Libya said to have appointed new UN ambassador

Former foreign minister Ali Abdussalam Treki, who served as president of UN General Assembly in 2010, named Libya's UN envoy.

United Nations 311 (photo credit: REUTERS)
United Nations 311
(photo credit: REUTERS)
NEW YORK – Reports Monday suggested that Libya has appointed a former foreign minister, Ali Abdussalam Treki, as its ambassador to the United Nations, replacing an envoy who renounced Libyan leader Muammar Gaddafi.

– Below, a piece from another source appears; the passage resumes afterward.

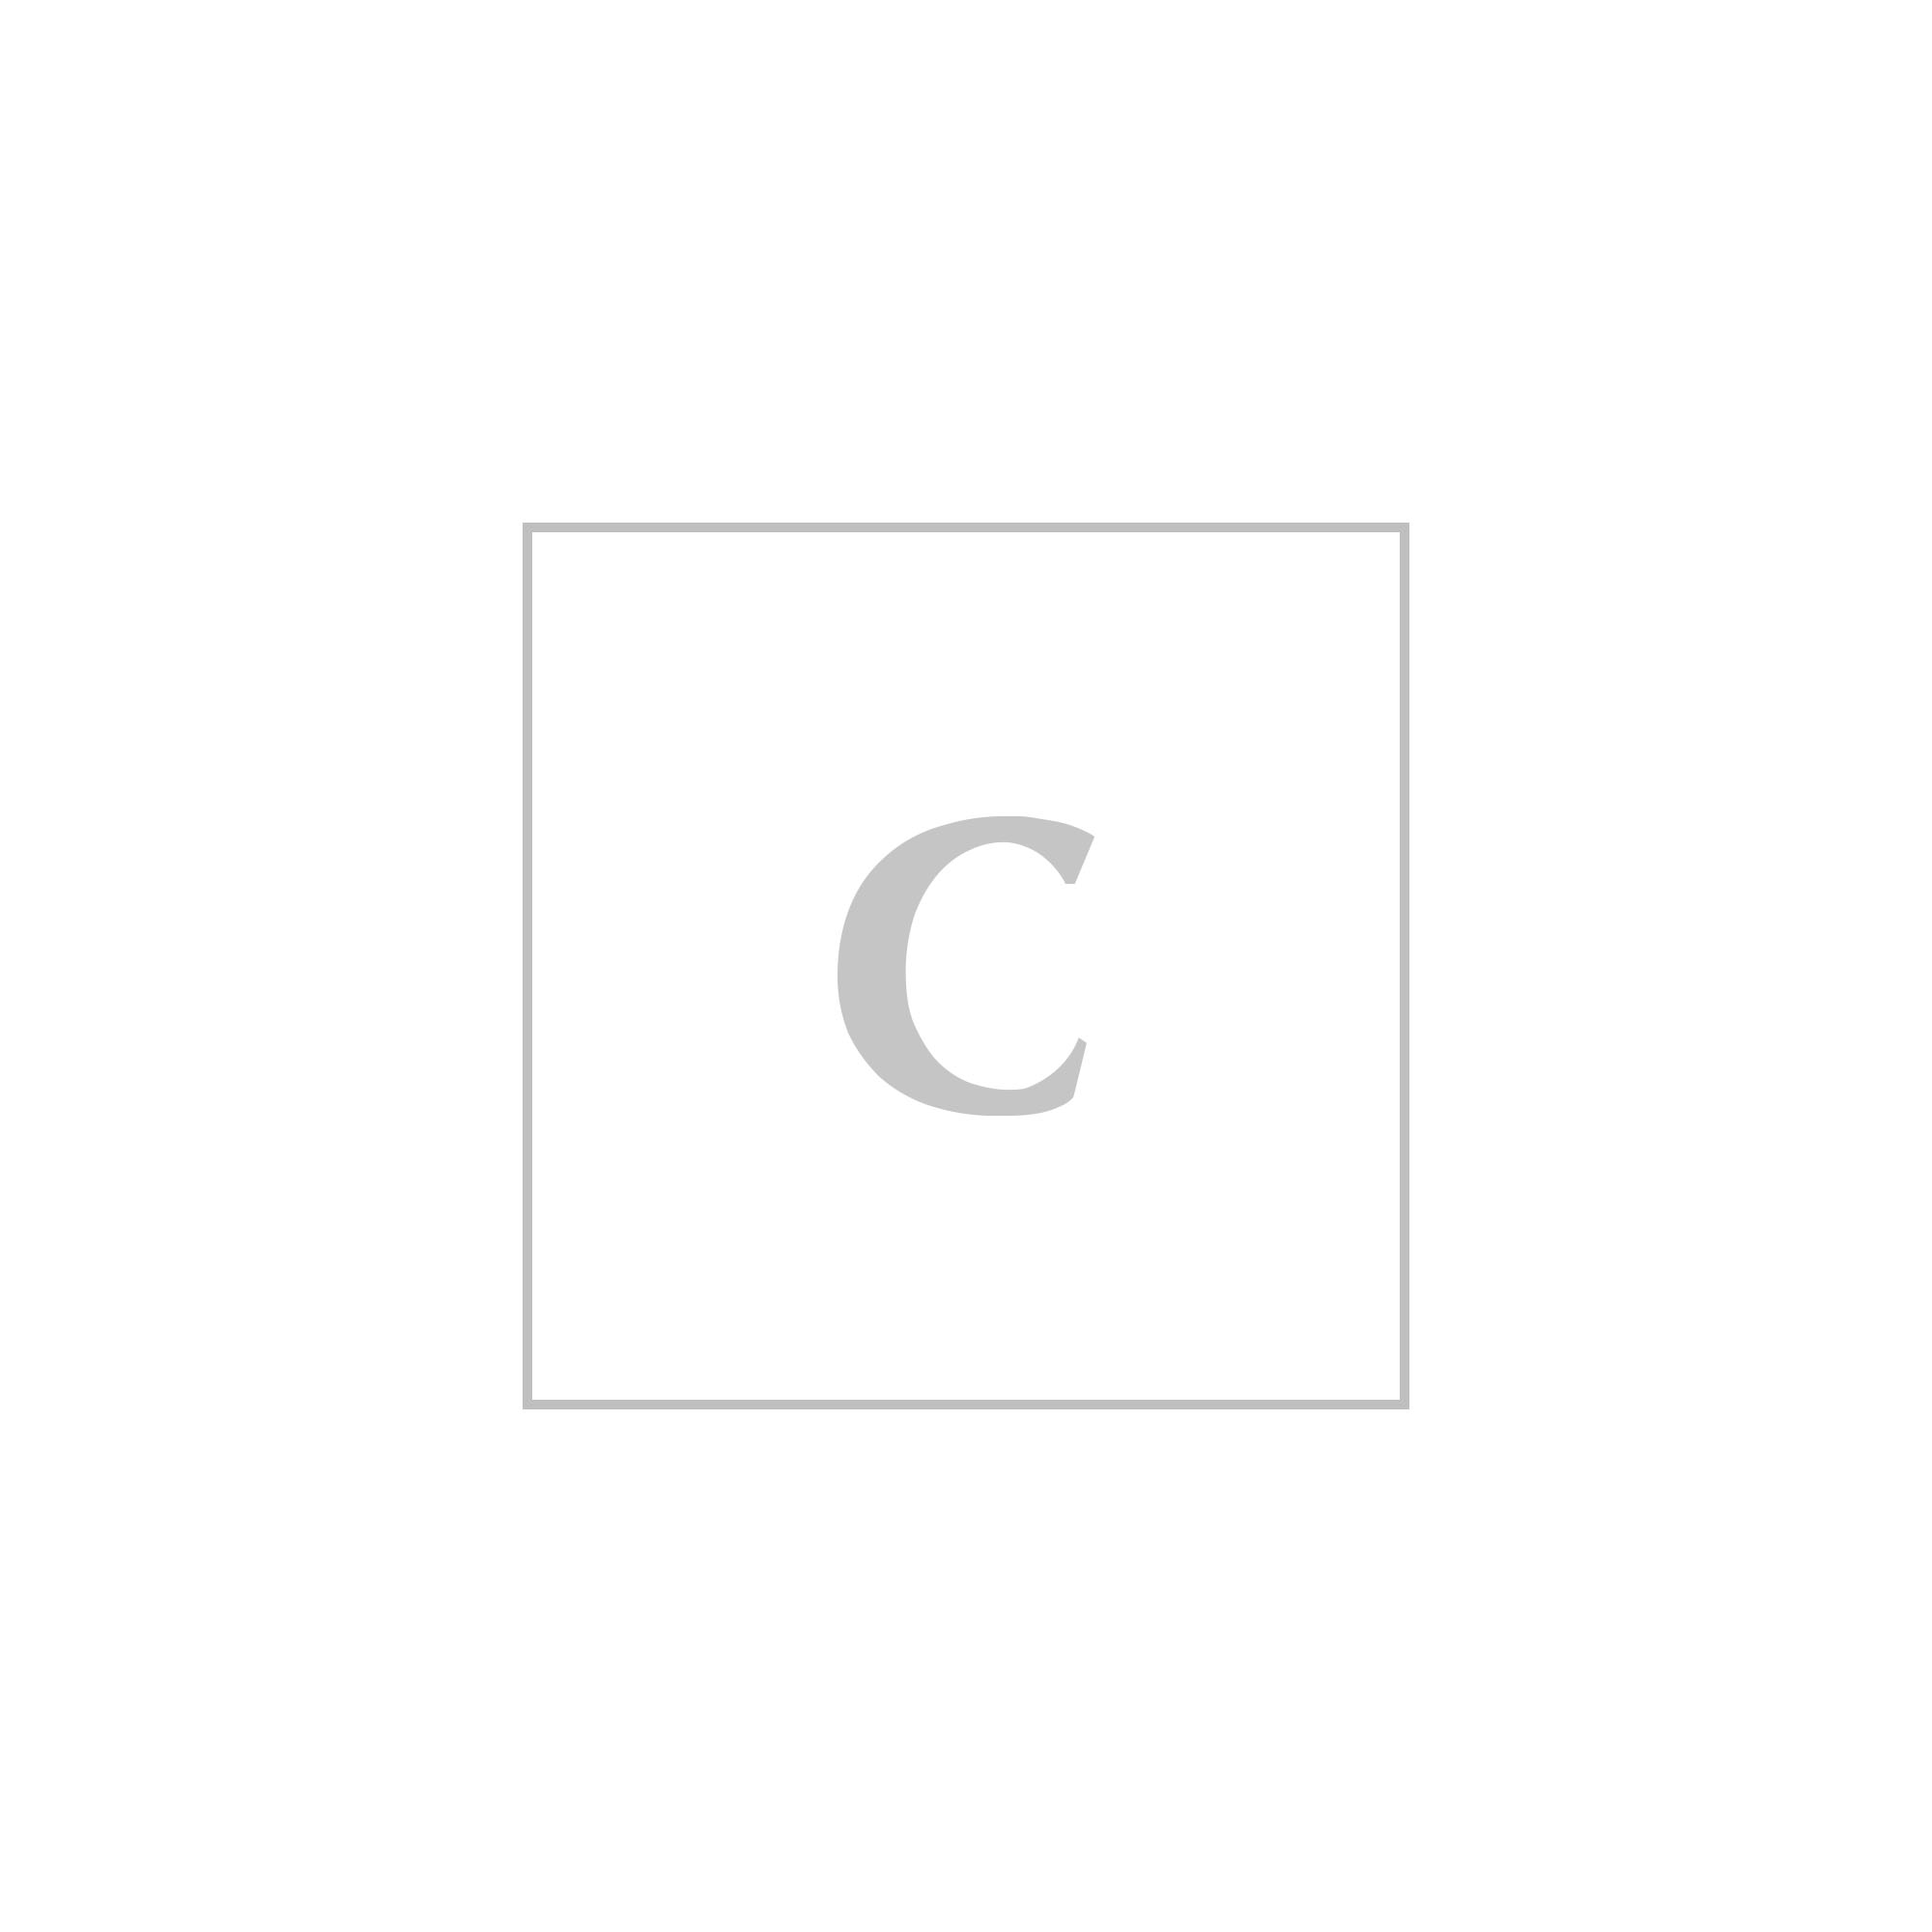 APC X CARHARTT JEANS WITH LOGO ON BACK,201629DJE000001-IAL
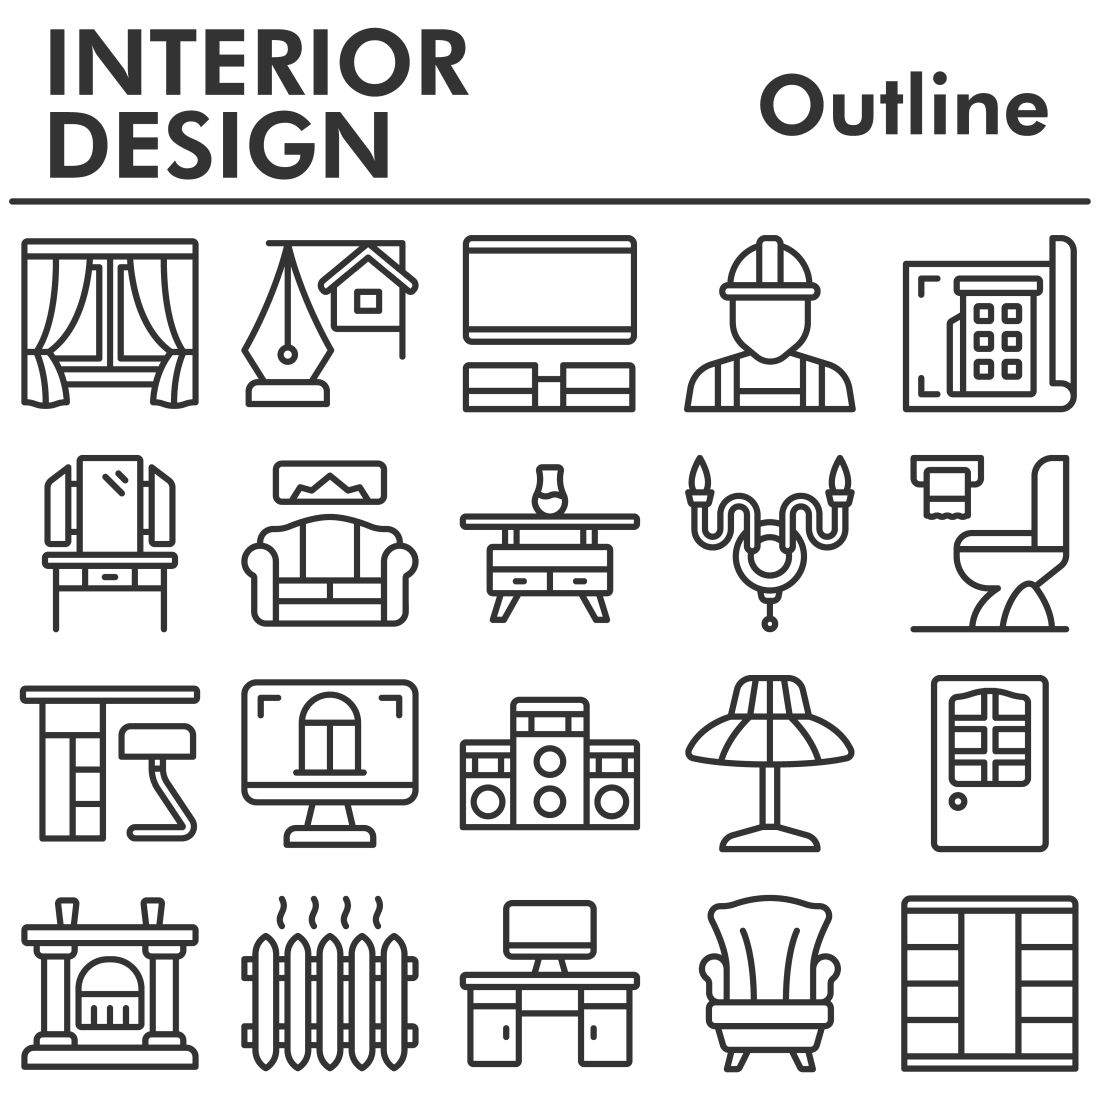 Interior design icons set cover image.

United Nations representatives confirmed Monday that Secretary-General Ban Ki-moon’s office had received correspondence from Libyan authorities naming Treki as Libya’s designated permanent representative. The UN has also received a letter, currently under consideration, withdrawing the credentials of Libya’s current permanent representative, Muhammad Shalgham, and deputy permanent representative, Ibrahim Dabbashi.
Martin Nesirky, a spokesman for Ban, said he was unaware of any recent contact with Treki by the secretary-general.
Treki was a UN ambassador for many years, serving from 1982 to 1984, from 1986 to 1990 and most recently in 2003. He was Libya’s ambassador to France from 1995 to 1999, its permanent representative to the League of Arab States in Cairo from 1991 to 1994, and Libya’s foreign minister from 1977 to 1980.
Treki was elected president of the UN General Assembly in 2010, where he served for the year and became popular among non-democratic nations at the UN.
In 1983, he urged member states in a speech at the UN to “look around New York. Who are the owners of pornographic film operations and houses? Is it not the Jews who are exploiting the American people and trying to debase them? If we succeed in eliminating that entity, we shall by the same token save the American and European peoples.”
Recognition of countries is a matter for member states, Nesirky said. Libya is a recognized UN member state, and, as with all member states, can designate whom it chooses as its representative at the United Nations.